Doch Kämmerer Frank Nipken freut sich nur bedingt. "Denn das Geld ist leider schon in den Haushalt 2017 eingearbeitet", sagte er. Die Stadt habe bereits eine Vorabinfo erhalten. Das Geld helfe und entlaste, sorge aber nicht für zusätzlichen Spielraum. Die finanziellen Mittel setzen sich aus kommunaler Umsatzsteuerbeteiligung, den Kosten für die Unterkunft von Langzeitarbeitslosen und der Umsatzsteuer der Länder zusammen.

Auch der Kreis kündigt eine Entlastung für die Kommunen an: Denn finanziellen Mehrbelastungen im Sozialetat stehen Verbesserungen bei der Landschaftsumlage gegenüber. Deshalb will die Kreisverwaltung nachträgliche Verbesserungen für den Entwurf des Doppelhaushaltes 2017/2018 an die Städte und Gemeinden weitergeben.

Die Entlastungen beziffert Kreisspressesprecherin Iris Trespe für 2017 auf 1,2 Millionen Euro und für 2018 auf 1,9 Millionen Euro. Im Radevormwalder Haushalt für 2017 steht die Kreisumlage mit 11,5 Millionen Euro als größter Ausgabenposten noch vor den Personalkosten. "Der Kreis nimmt viele Aufgaben für die Stadt wahr", sagt Nipken. Zurzeit liege der Hebesatz bei 41,3 Prozent, der Kreis habe angekündigt, ihn auf 38,3 Prozent zu senken - das wiederum könnte bis 2021 eine Entlastung von 800.000 Euro bis zu einer Million bedeuten.

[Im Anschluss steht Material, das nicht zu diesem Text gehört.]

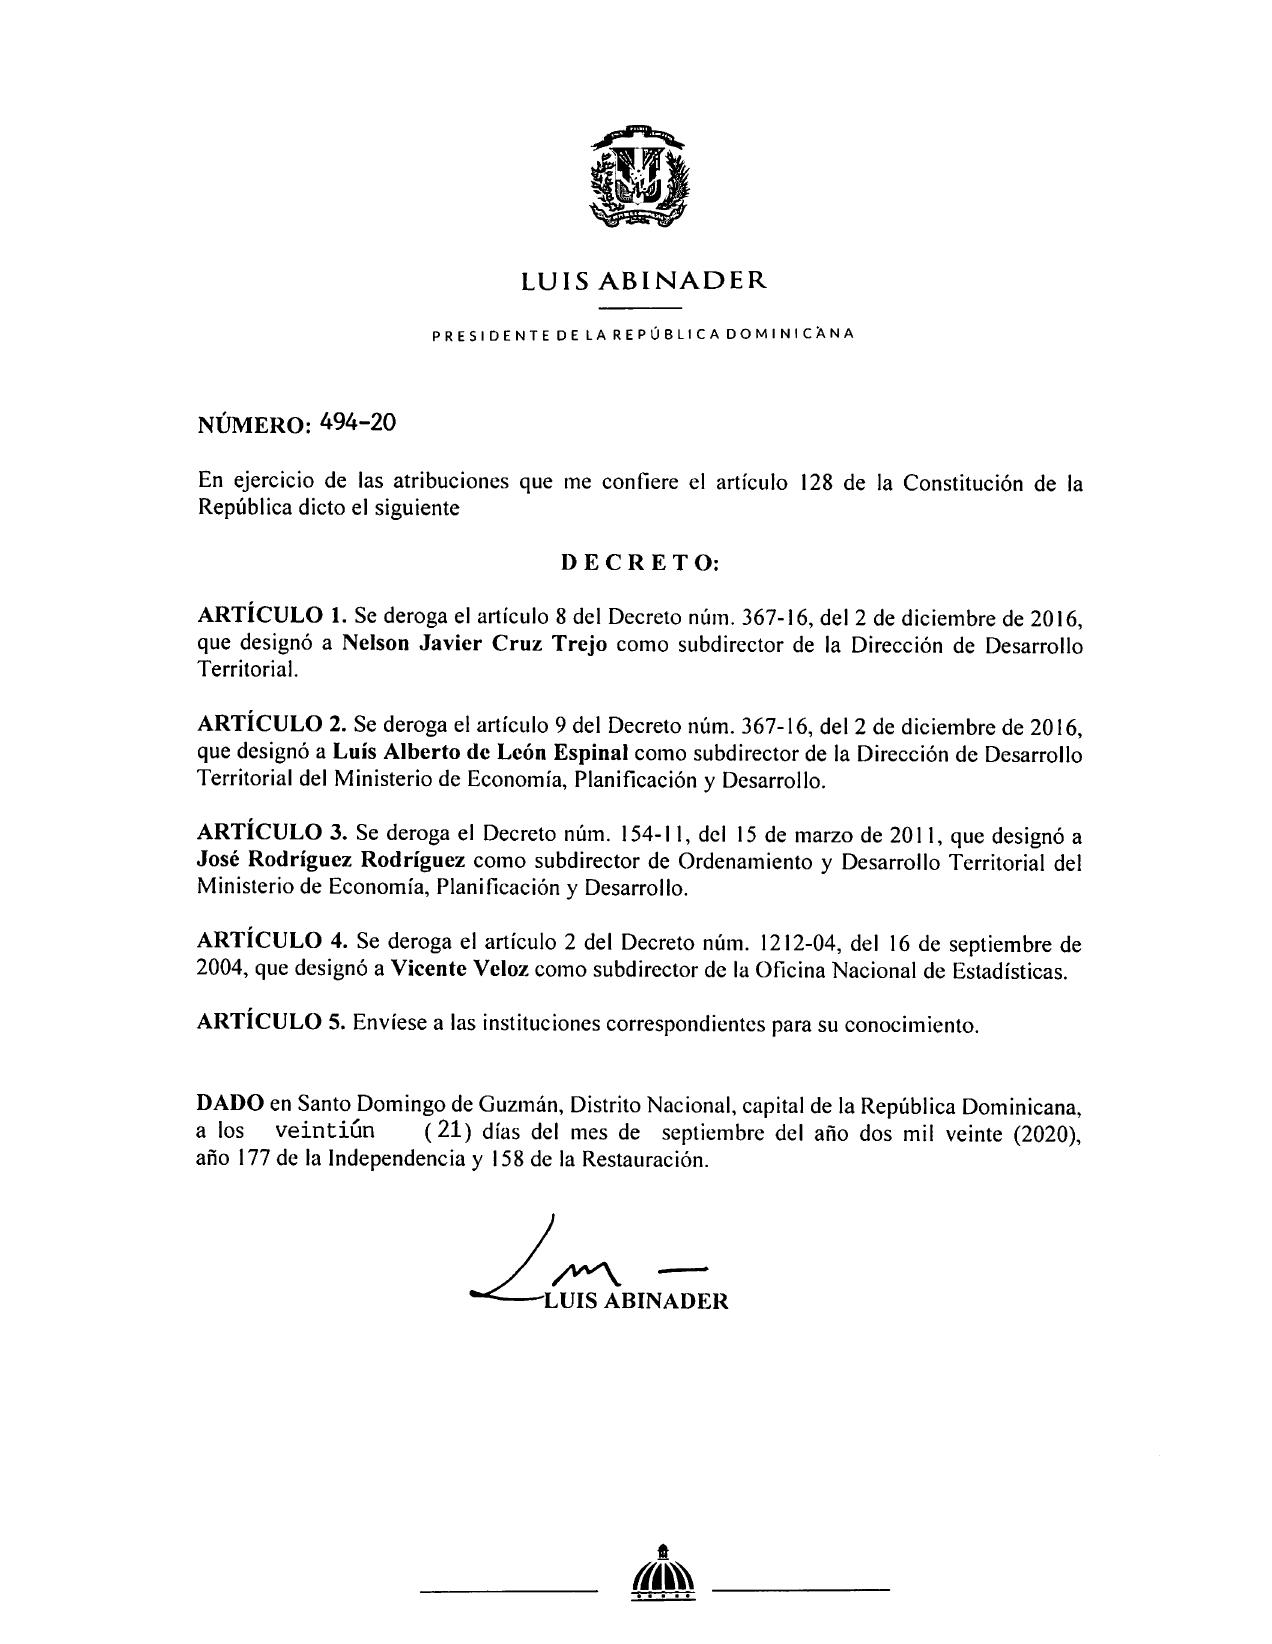 decreto 494-20

"Wir sind aber sehr zurückhaltend und rechnen vorsichtig", kündigt Nipken an. Er gehe nicht davon aus, dass der Kreis den Hebesatz in dieser Größenordnung senken werde, deshalb plane die Stadt mit einer schwächeren Absenkung und sei damit auf der sicheren Seite. Wegen des Haushaltssicherungskonzeptes müsse die Verwaltung bis 2020 planen und vorrechnen. Und in der Vergangenheit habe es immer mal wieder Veränderungen gegeben.